I've recently come to the realization that I've been mentally putting my wishes to become a published writer on the back burner because, since I was a kid, life has pounded the notion into my head that my writing is some kind of guilty indulgence or escape from responsibility. Being adult means accepting some soulless 9-5 fate and stoically enduring a lifetime of back pain, with nothing to show for it in the end but a long list of things I never got around to, and more back pain. Somehow, having bills means you should be punished or something–grounded. Some kind of weird blue-collar pride in how anchored you are in harsh reality. Striving for something a little wilder is merely prolonging the inevitable cold plunge into *REALITY*. –Please see the handbook entitled "So You're Nobody Special Either" for tips on how to keep your chin up when it doesn't work out.

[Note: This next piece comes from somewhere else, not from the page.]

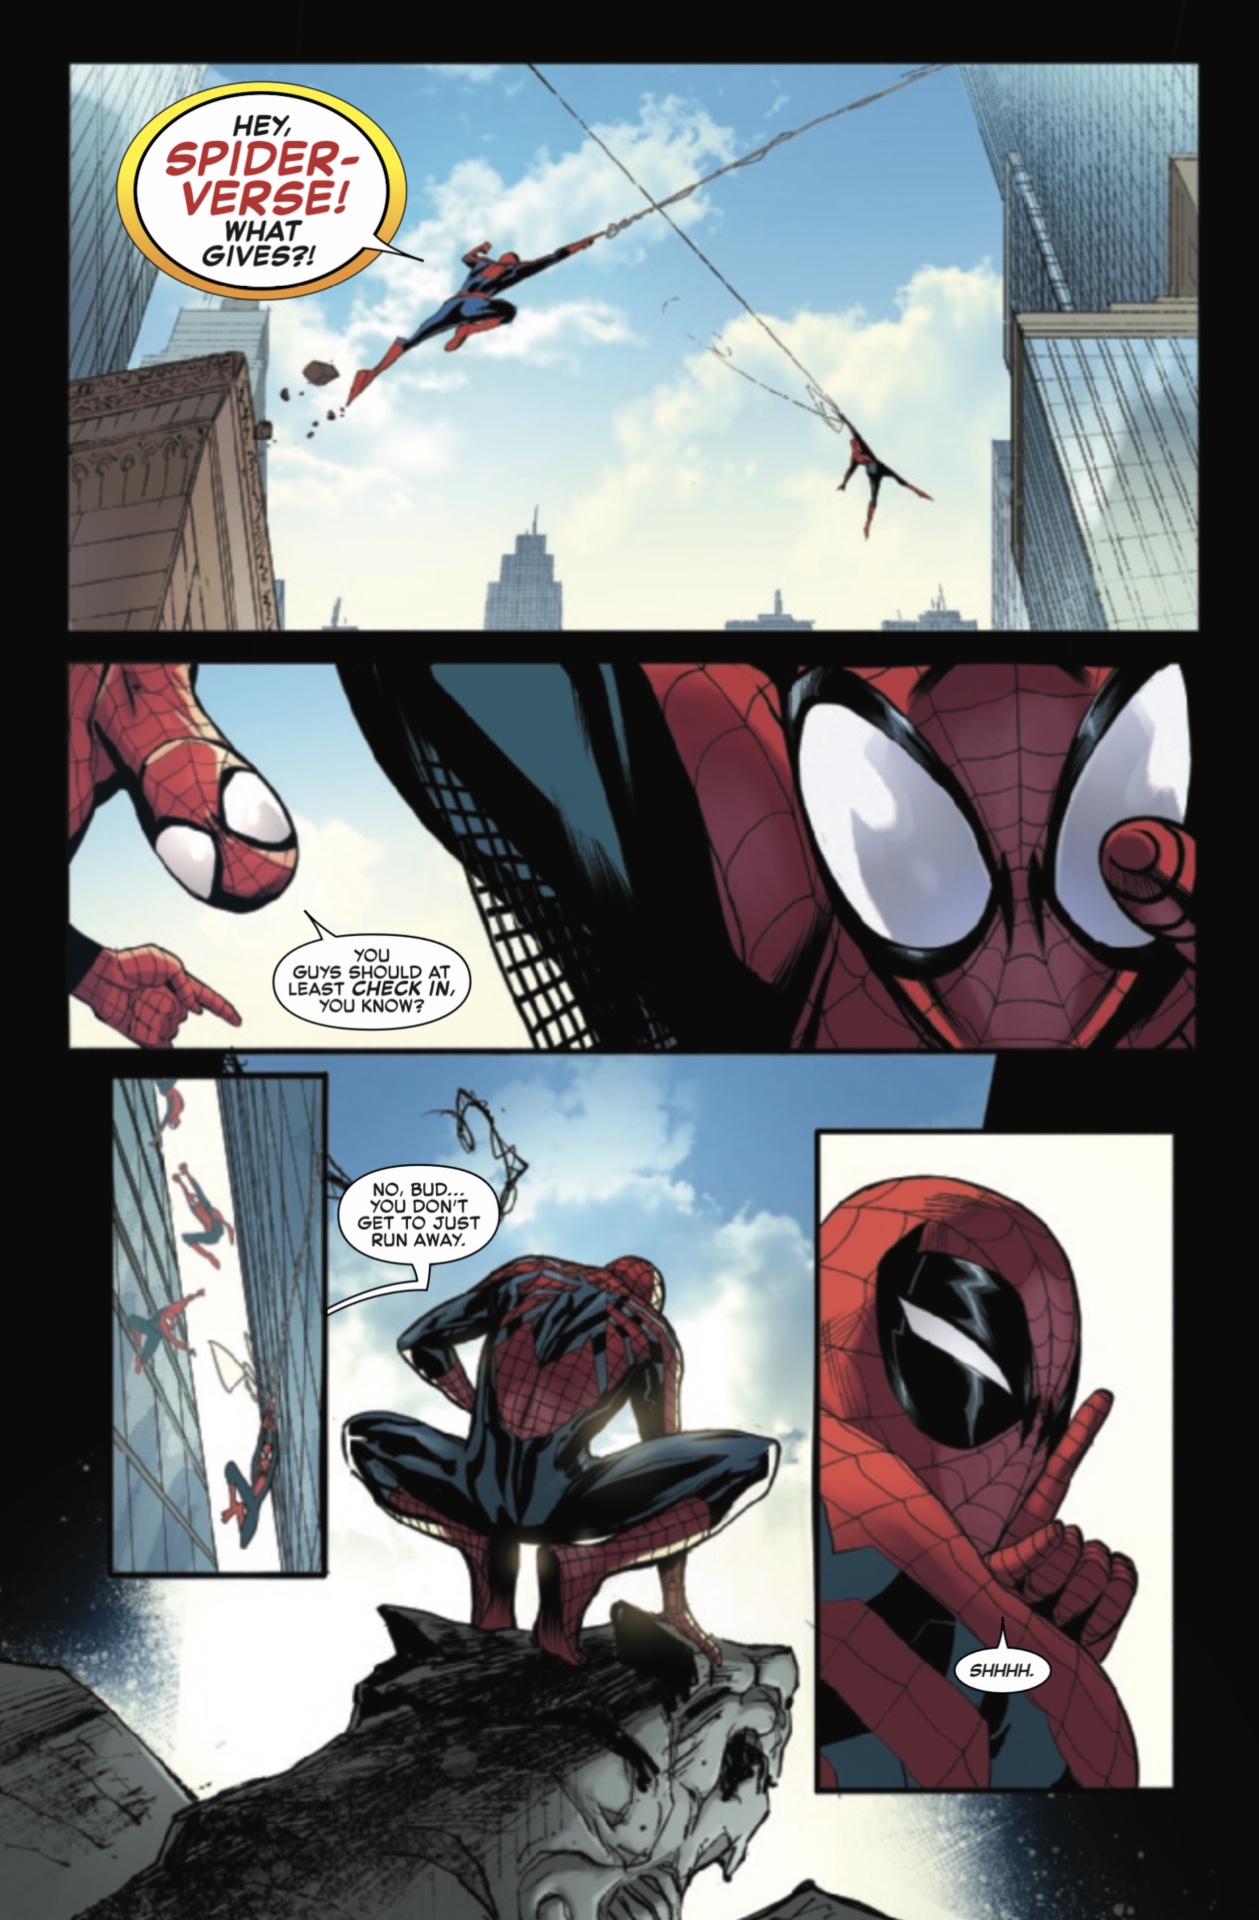 İnanılmaz Örümcek Adam'dan sayfa #75

It's caused me to become overly hesitant in accepting my own kick-assness and truly opening myself to the mindset that this is actually a valid career aspiration rather than a pipe dream that everyone with "valid" job skills seems to think they're humoring me over.

Last night John told me I had a gift that I wasn't utilizing to it's full degree. Every time he makes reference to my "gift" I roll my eyes and point out that my writing is not good enough to be called a gift. I'm not writing high literature. I'm writing quirky, brain-candy–and anyway, I've read way better stuff than I can write.

"Are you kidding? You've got the ability to create worlds. That's a gift. You just need to totally immerse yourself in your writing for once."

I suddenly knew EXACTLY why I've been so hesitant about just diving in and making this thing happen and I'm so pissed–I can't even decide which one of us I'm more pissed at. I guess myself, since I'm the one still around to do something about it. So here I go. No more dragging my feet. This is my job and its time to start getting paid.